North Sichuan Medical University (), previously North Sichuan Medical College (NSMC), is a provincial medical school with campuses in Shunqing District and Gaoping District, Nanchong city, Sichuan Province, China.

North Sichuan Medical University is a government-run college of medicine in Sichuan Province and is in the second largest higher education center of Sichuan Province — Nanchong, a famous city, the origin of the Three Kingdoms Culture. Its two campuses occupy an area of over 823,693 square meters.

NSMC has its national and international enrollment; its campuses enroll nearly 10,000 students in undergraduate and postgraduate programs.

History

Founded in 1951 as North Sichuan School of Medicine (southwest region of China), the school was renamed North Sichuan Medical College in 1985.

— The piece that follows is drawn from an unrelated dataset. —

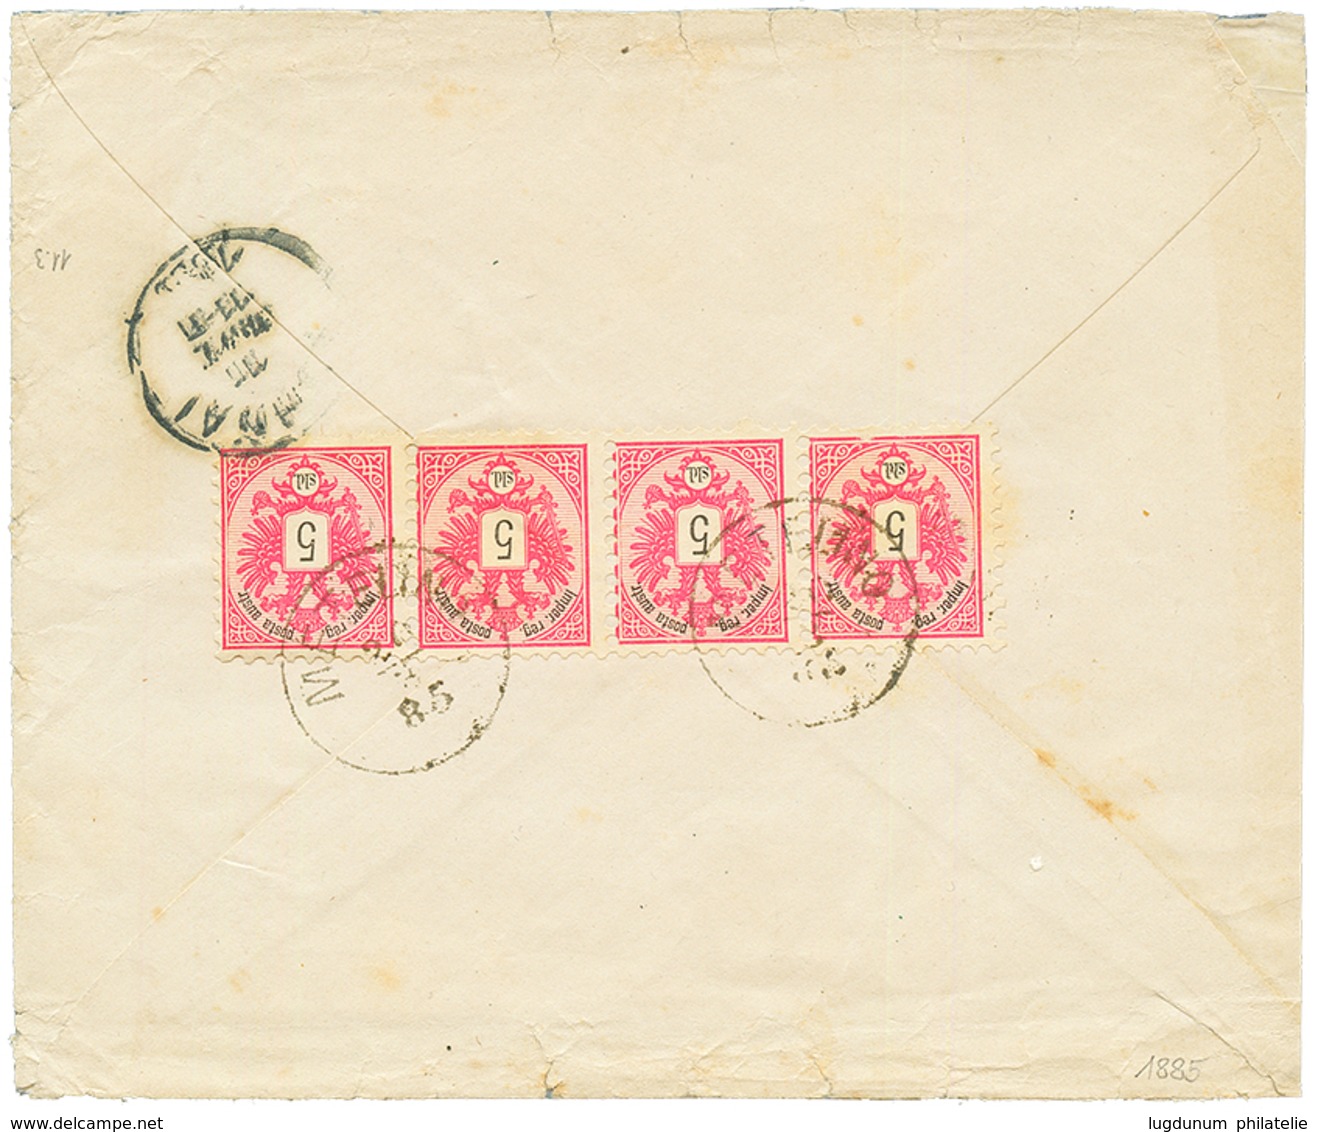 METELINE" : 1885 5 Soldi Strip Of 4 Canc. METELINO On Reveerse Of Envelope To ATHENES (GRECE). Scarce. Vf. - Oriente Austriaco

Academic departments and schools
School of Basic Medicine
School of Clinical Medicine (the Affiliated Hospital of North Sichuan Medical College)
School of Pharmacy
School of Social Science
School of Nursing
School of Continuing Education
School of Foreign Language and Culture
Faculty of Medical Imaging
Faculty of Anesthesiology
Faculty of Stomatology
Faculty of Forensic Medicine
Faculty of Combined Chinese and Western Medicine
Faculty of Optometry and Ophthalmology

Campus
  
North Sichuan Medical has two campuses. The west campus, also known as the old campus, is in downtown Nanchong City. The east campus, or the new campus, is in Gaoping District of Nanchong City.

Affiliated hospitals
The Affiliated Hospital of North Sichuan Medical College is one of the best hospitals in northeast Sichuan. It is the only hospital under direct jurisdiction of North Sichuan Medical College. It has an affiliated  Nursing School, which is a technical secondary school.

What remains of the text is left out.